— Aim of the exercise —
What are the lines, written out exactly, from the one containing "(2) Windshield wipers" to the end of the entries below? Include both ends and nothing more.

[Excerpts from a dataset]

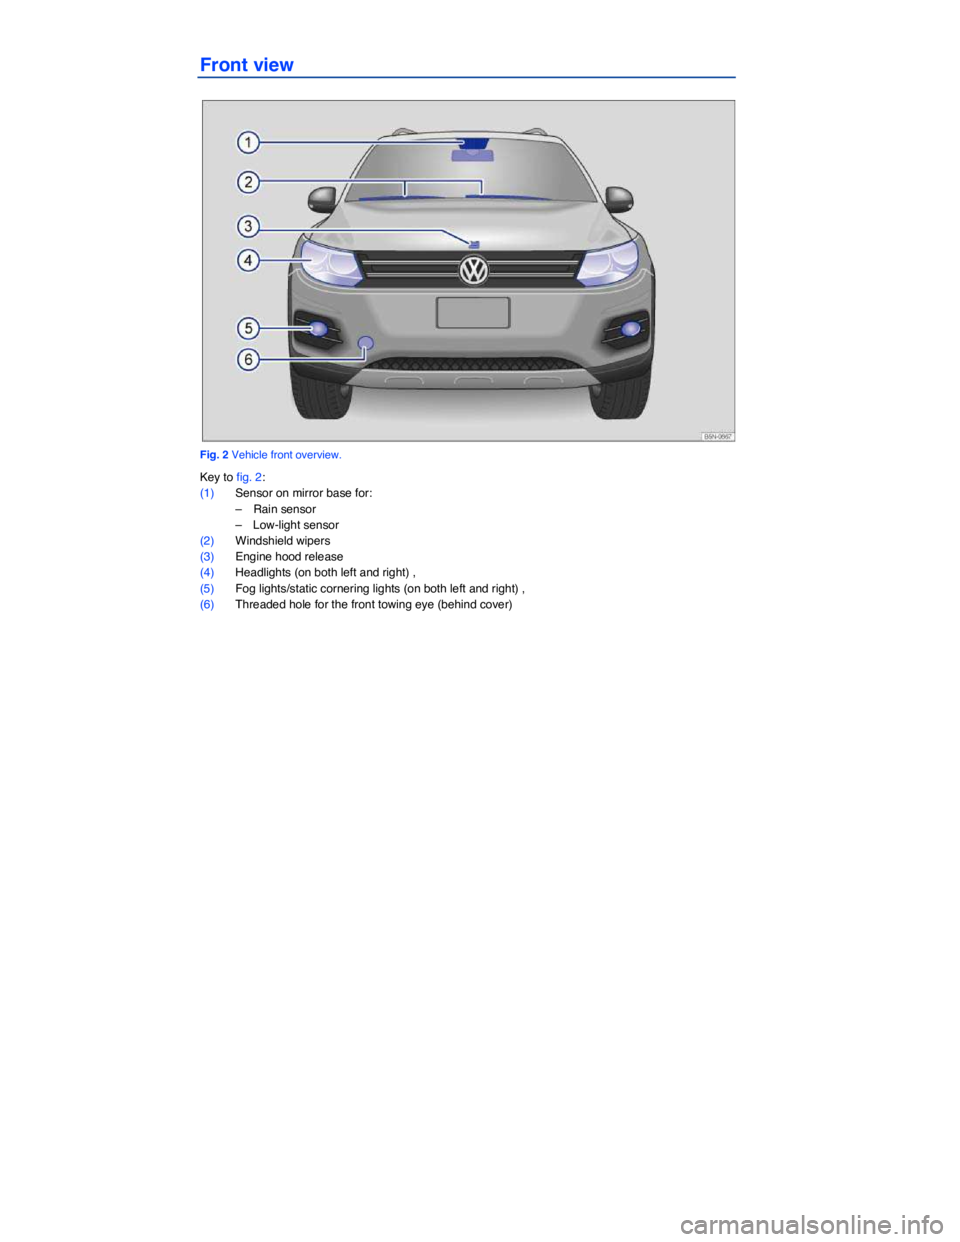 VOLKSWAGEN TIGUAN 2015  Owner´s Manual  
Front view 
 
Fig. 2 Vehicle front overview. 
Key to fig. 2: 
(1) Sensor on mirror base for: 
–  Rain sensor  
–  Low-light sensor  
(2) Windshield wipers  
(3) Engine hood release  
(4) Headlig

— Answer to the problem —
(2) Windshield wipers  
(3) Engine hood release  
(4) Headlig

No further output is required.